B
Bill
Well, well, well. In bios it says the drive was set for #4 in PIO and #2 in
DMA. The numbers range from 0 to 5 in both sections so I wonder what I
should set them for? I took a guess--because I really don't know anything
about this--and changed PIO from 4 to 0. I changed DMA from 2 to 5. The
difference it made was incredible. It accesses the cd at least 3 times
faster than before and makes practically no noise now when it spins.
I have had that Asus drive since 2001, so I am wondering if it should be set
for DMA 5? Why not 3 or 4? Should PIO be set to 0 when the bios default was
4?
Thanks!
There are very few cd/dvd players that run faster than DMA2 and
they're of fairly recent release. OTOH, some of the older cd/dvd
players played in PIO mode only. You'ld have to look up your settings
for your particular model to be sure. Setting the bios to faster than
UDMA2 won't hurt the cd/dvd drives. Setting the PIO to 0 won't hurt
unless the drive is specifically designed to run in PIO mode only.

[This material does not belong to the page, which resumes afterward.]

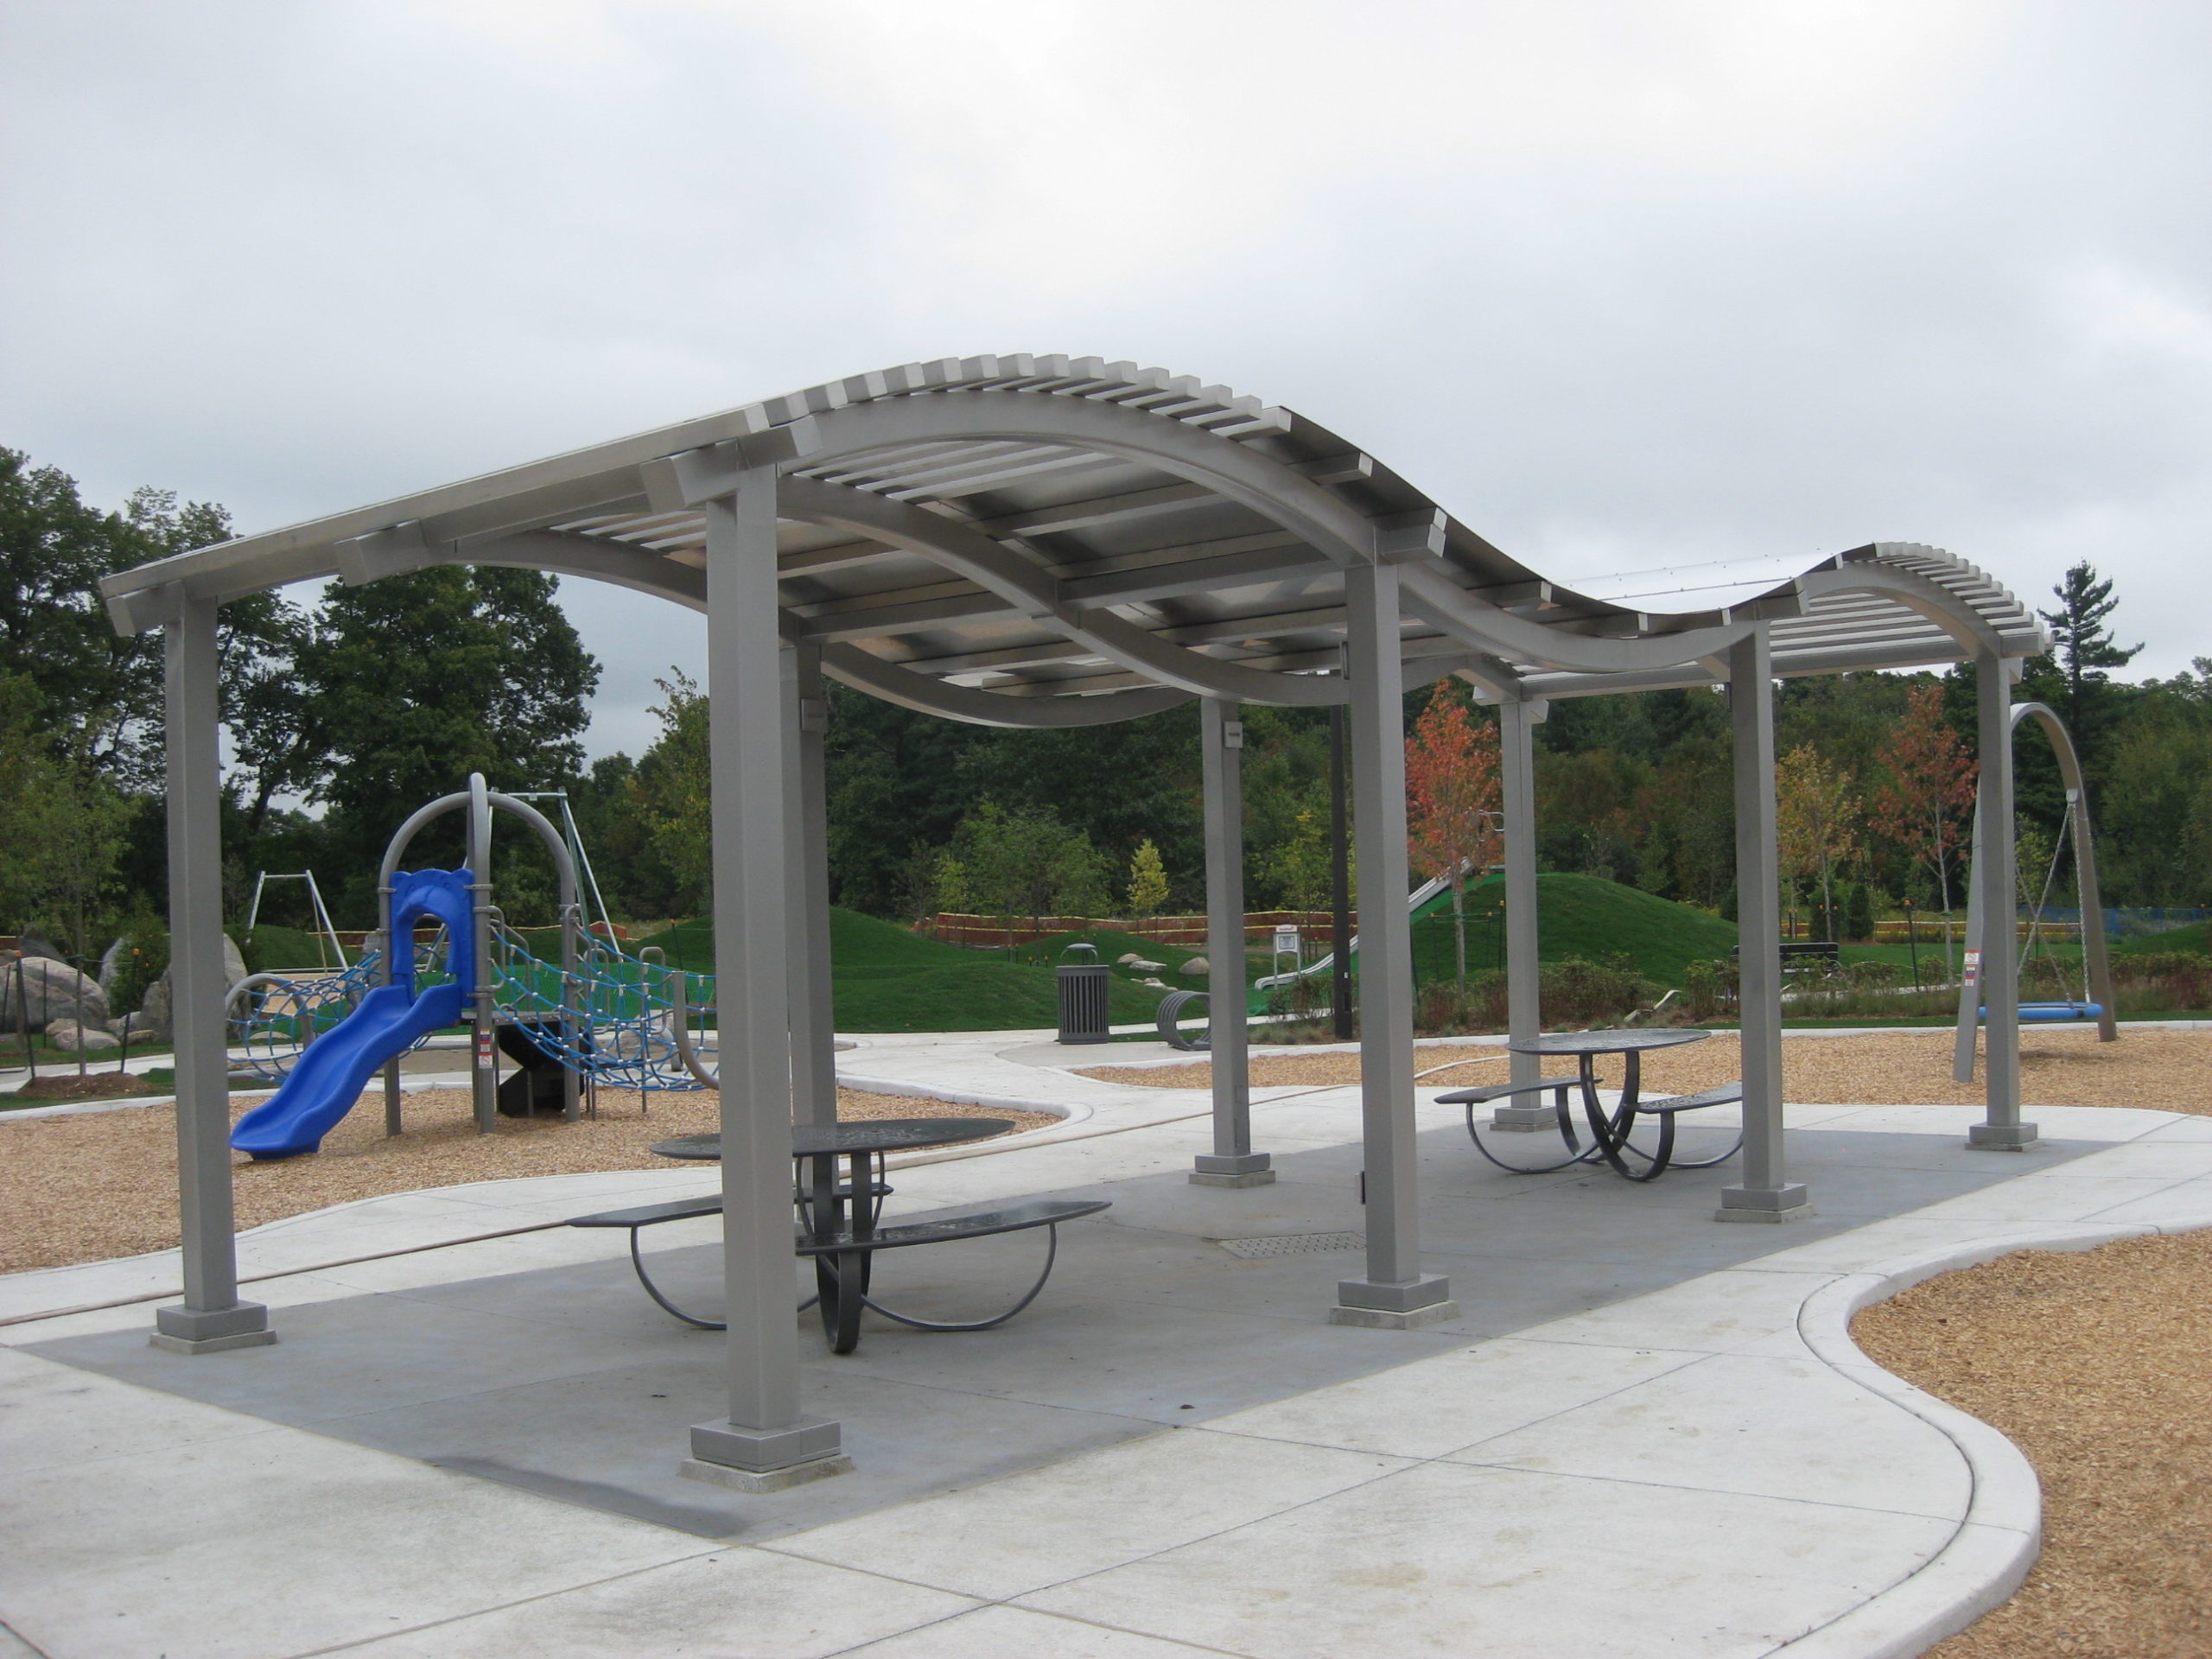 Shade structure with picnic benches under it.

If that was the case I'd get a new drive. They're pretty cheap these
days. I've been installing nothing but NEC 35xx DVD+/- DL CD/CDRW
burners at around $40.00 a pop the last few months.

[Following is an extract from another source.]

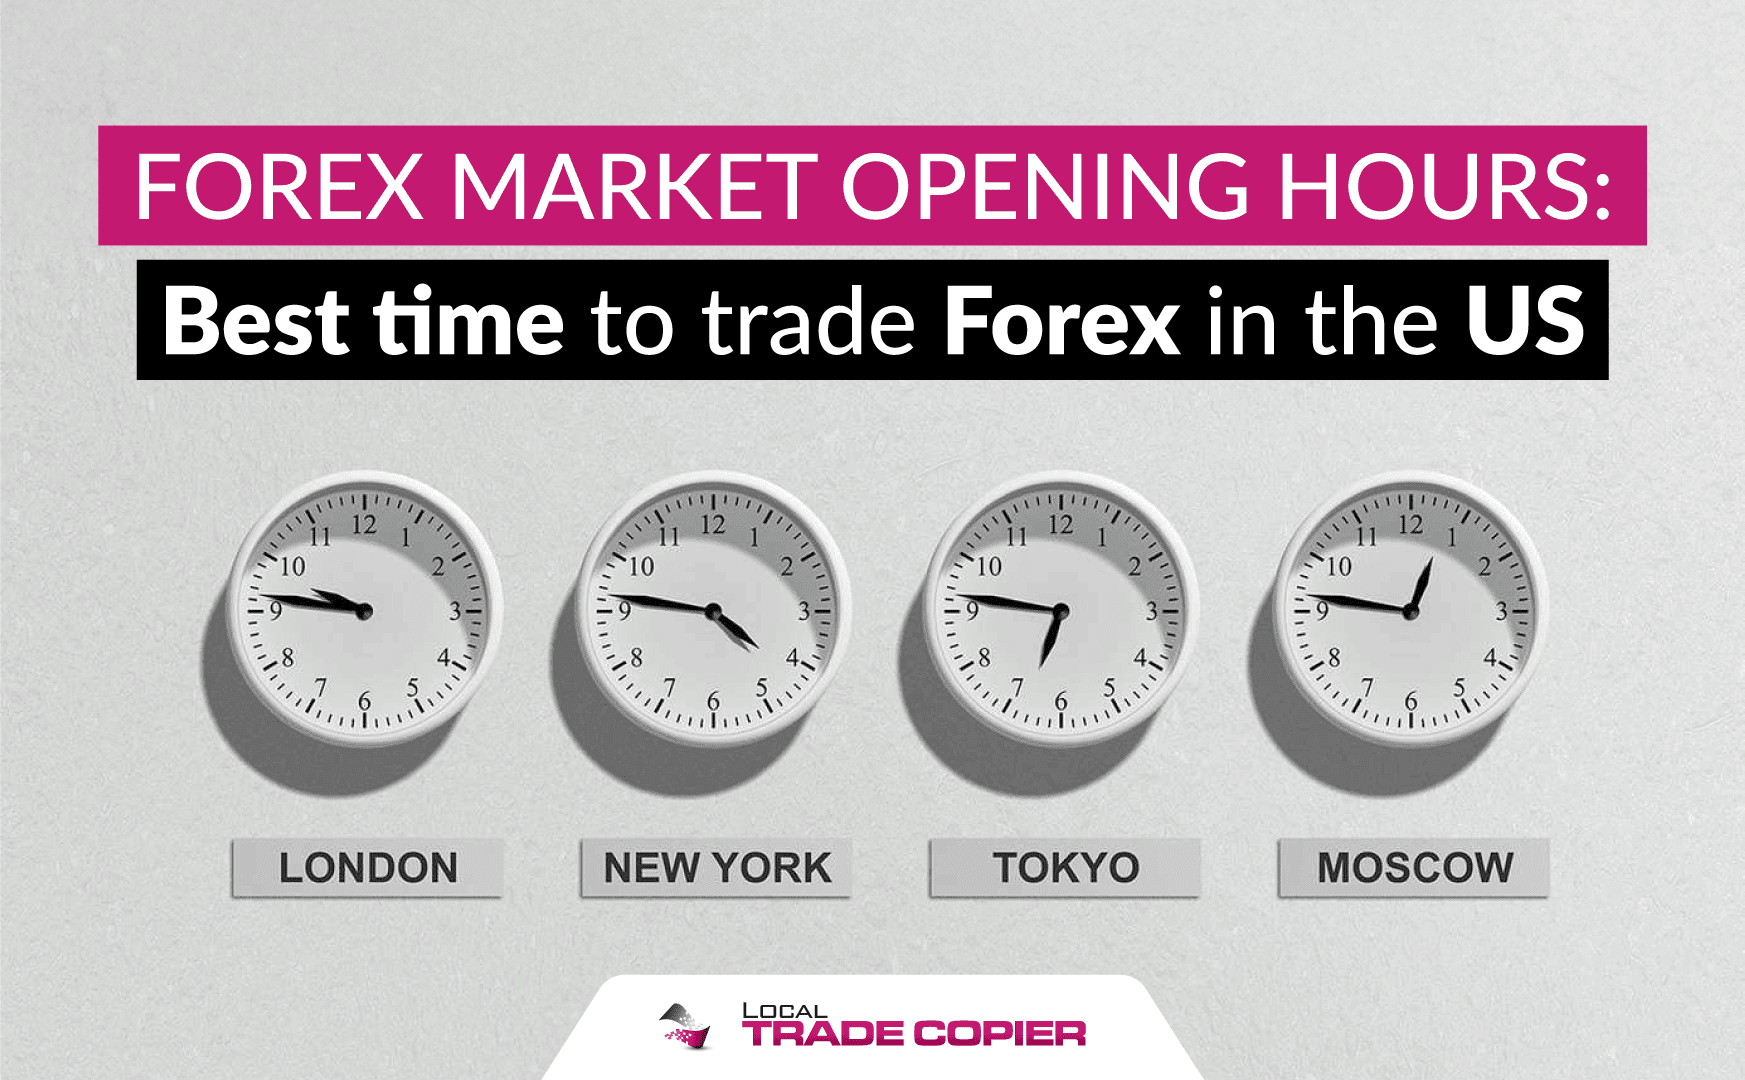 Forex market opening hours: Best time to trade Forex in the US

Also when windows can't tell for sure on the settings it reverts to
PIO mode. Windows 2000 SP4 and Windows XP SP2 were supposed t fix this
problem. I don't know about earlier versions of windows. Also WIN2K and
WINXP will alter the settings in hardware manager if it gets read/write
errors to the drive < lowers the settings >.
Make sure DMA is turned on under the hardware manager if it starts to
slow down again. If it reverts to PIO mode you've got a hardware
problem, MB failing, drive, cable, etc.